Между тем персидский царь Дарий был вынужден позорно бежать из страны скифов, и, чтобы его не стали презирать за его военные неудачи, он послал с частью своих войск Магабакса для покорения Фракии и других царств в этой местности; к ним Дарий намеревался присоединить, как незначительную придачу, и Македонию. Магабакс в короткий срок выполнил приказание царя, а к македонскому царю Аминте отправил послов и потребовал выдать себе заложников в обеспечение мира на будущие времена. Послы были приняты [царем] радушно. Во время пира, всё больше пьянея, они стали просить царя, чтобы на этом пышном пиру он доказал им и свое дружественное отношение к ним и пригласил пировать вместе с ними своих жен и жен своего сына, так как у персов это считается залогом и знаком заключения союза гостеприимства.
Женщины эти пришли на пир. Когда же персы крайне нагло стали их тискать, сын Аминты Александр попросил отца, чтобы тот из уважения к своему возрасту и достоинству ушел с пира, и обещал отцу, что он положит конец выходкам гостей.

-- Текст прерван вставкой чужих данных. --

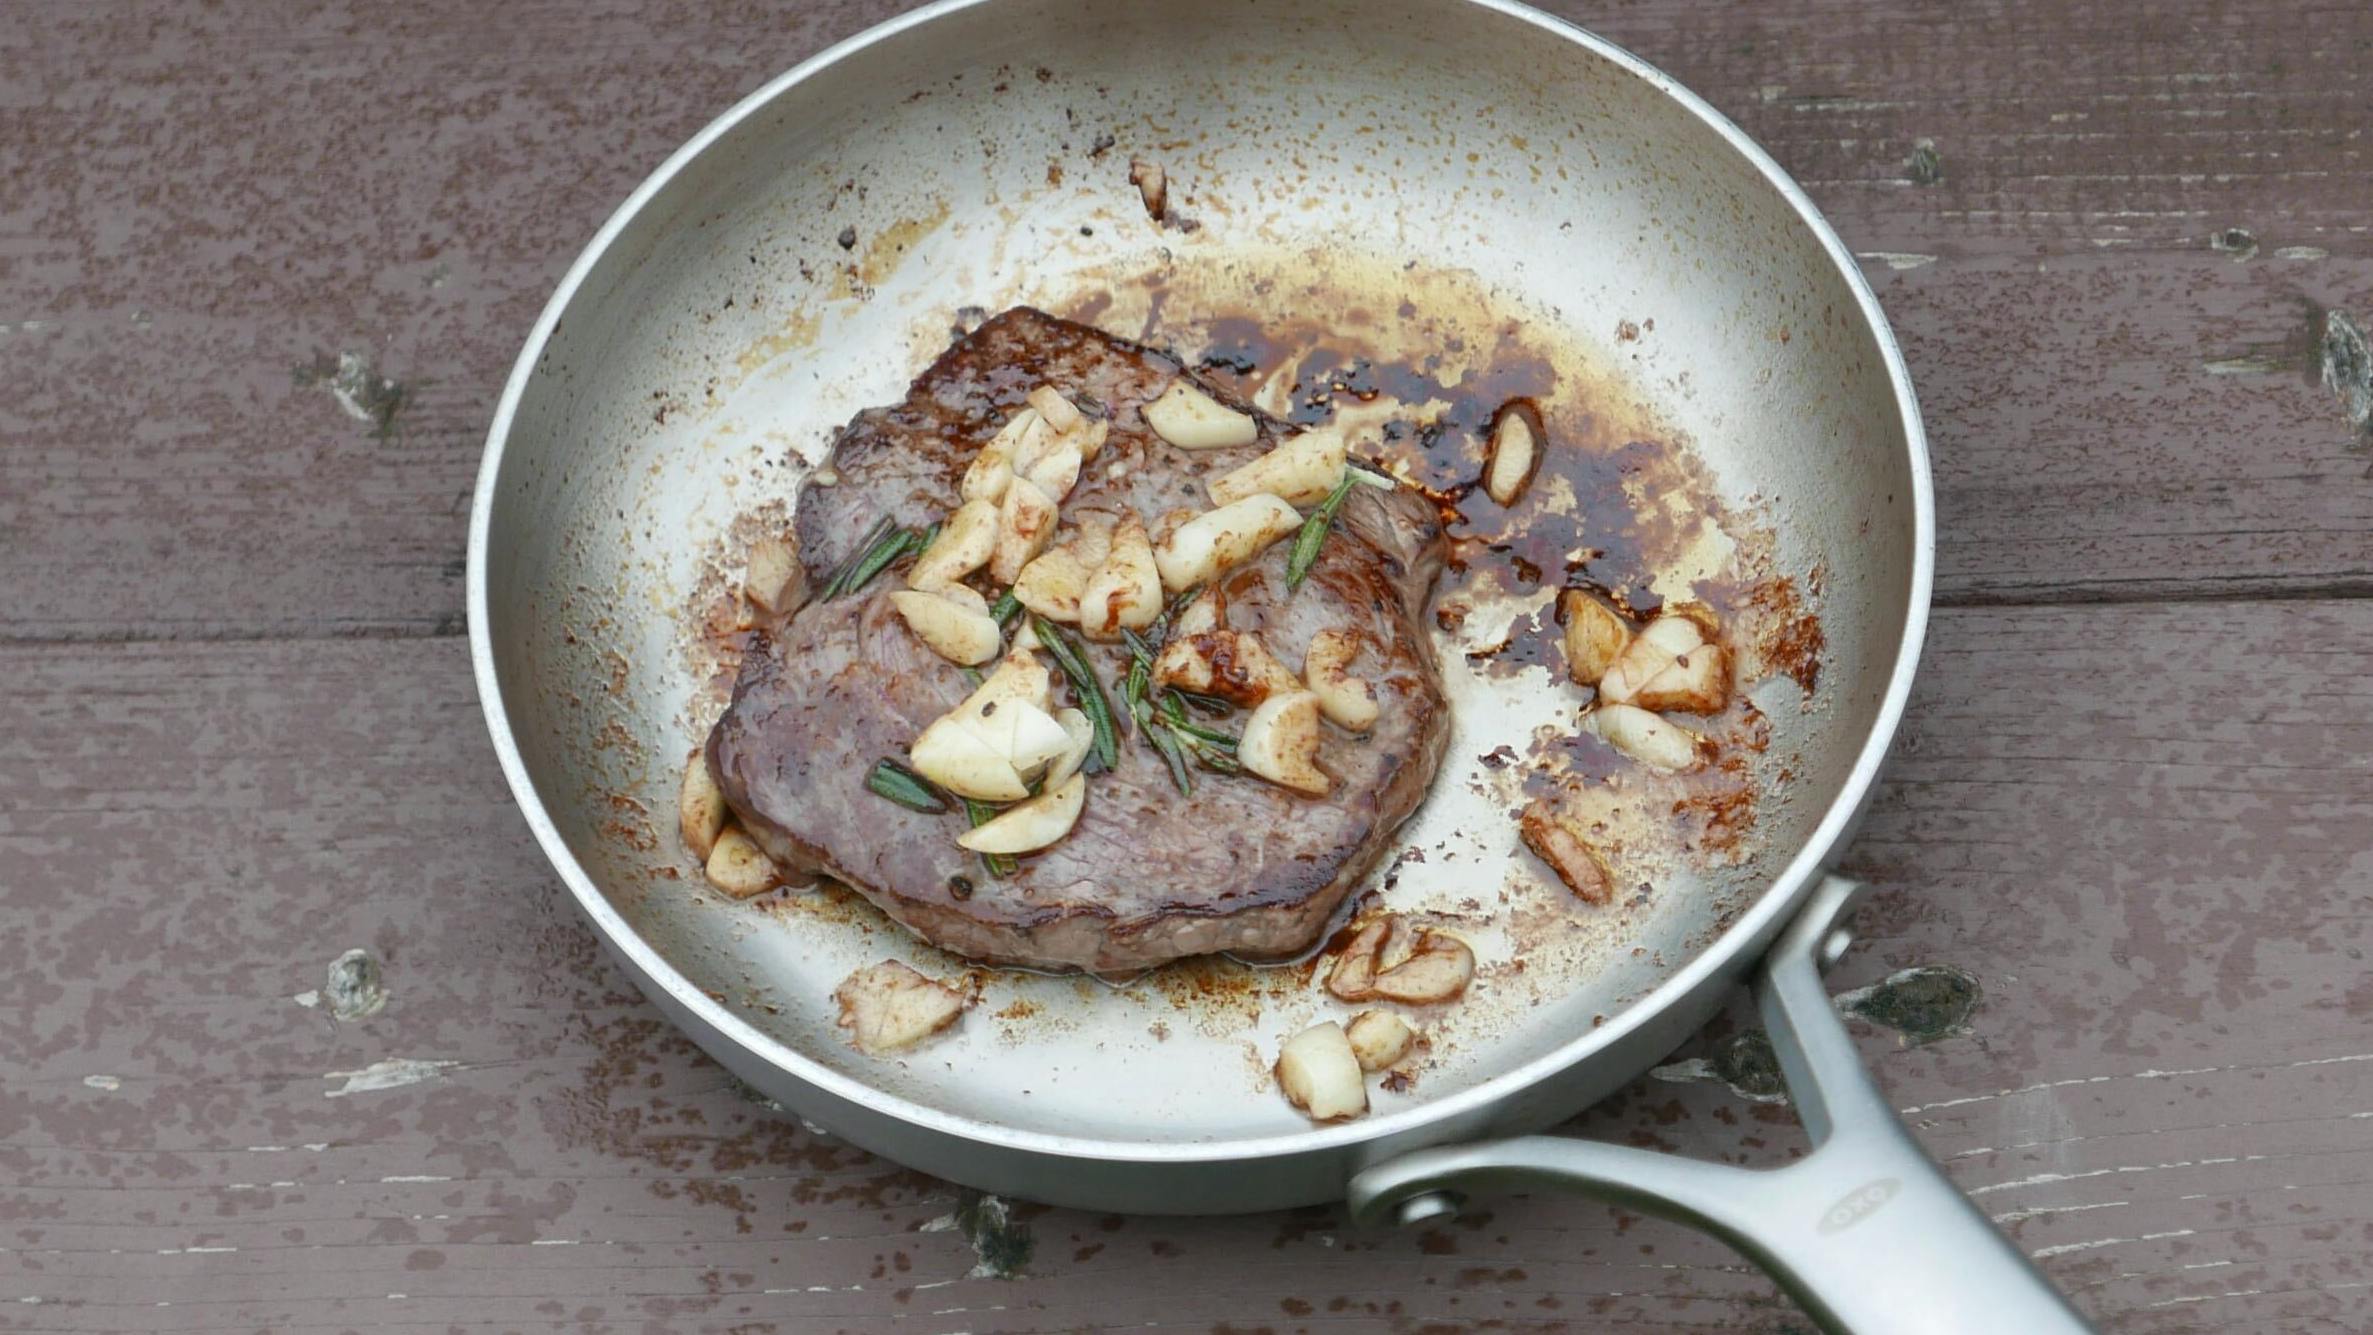 A pan-seared steak sits in the author's frying pan.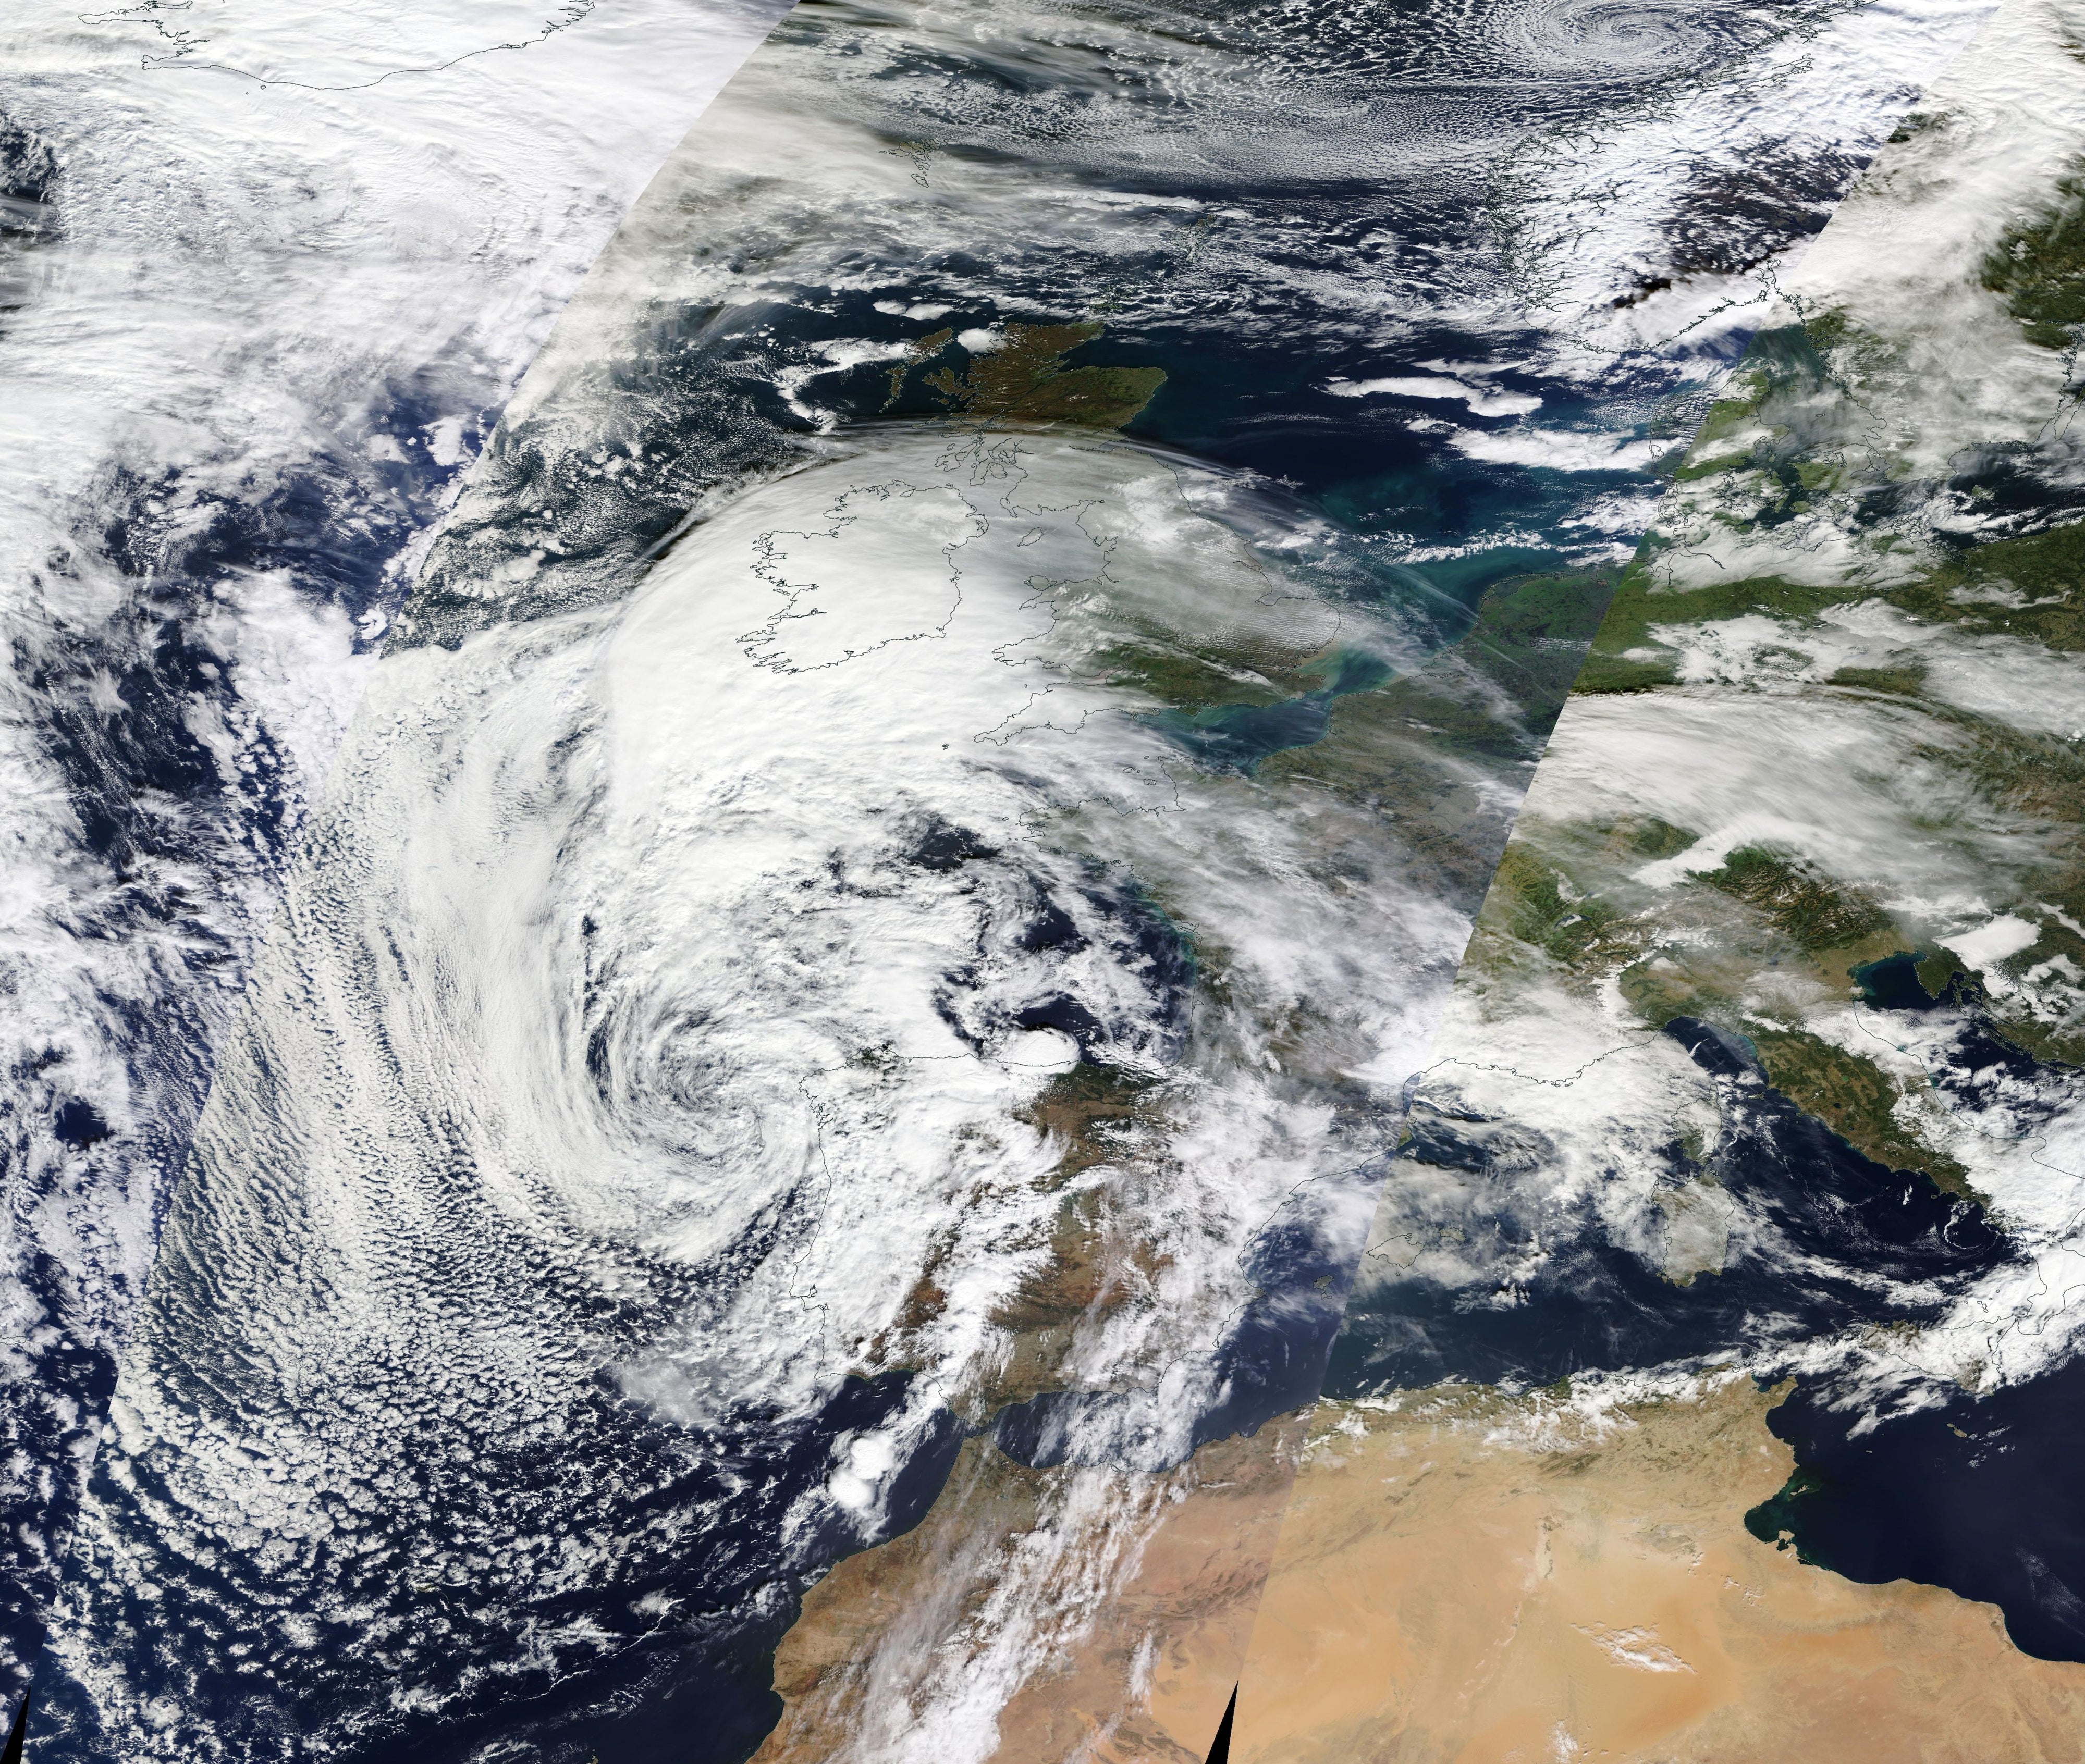 The UK is braced for Storm Babet to hit this week

Когда Аминта ушел, Александр отозвал с пира якобы на короткое время тех женщин под тем предлогом, что хочет нарядить их еще изящнее и привести назад еще более очаровательными. Но женщин он подменил молодыми людьми, пышно одетыми в женские наряды, и приказал им унять наглость послов кинжалами, спрятанными под одеждой.
Все послы были убиты. Магабакс об этом ничего не знал; но так как послы не возвращались, он послал в Македонию с частью своего войска Бубара, полагая, что это будет легкая и незначительная военная экспедиция, и считая ниже своего достоинства самому вести войска, чтобы не обесчестить себя, сражаясь с таким презренным племенем. Но Бубар, раньше чем началась война, влюбился в дочь Аминты, забыл о войне и, отложив всякую вражду, женился и стал свойственником [царя].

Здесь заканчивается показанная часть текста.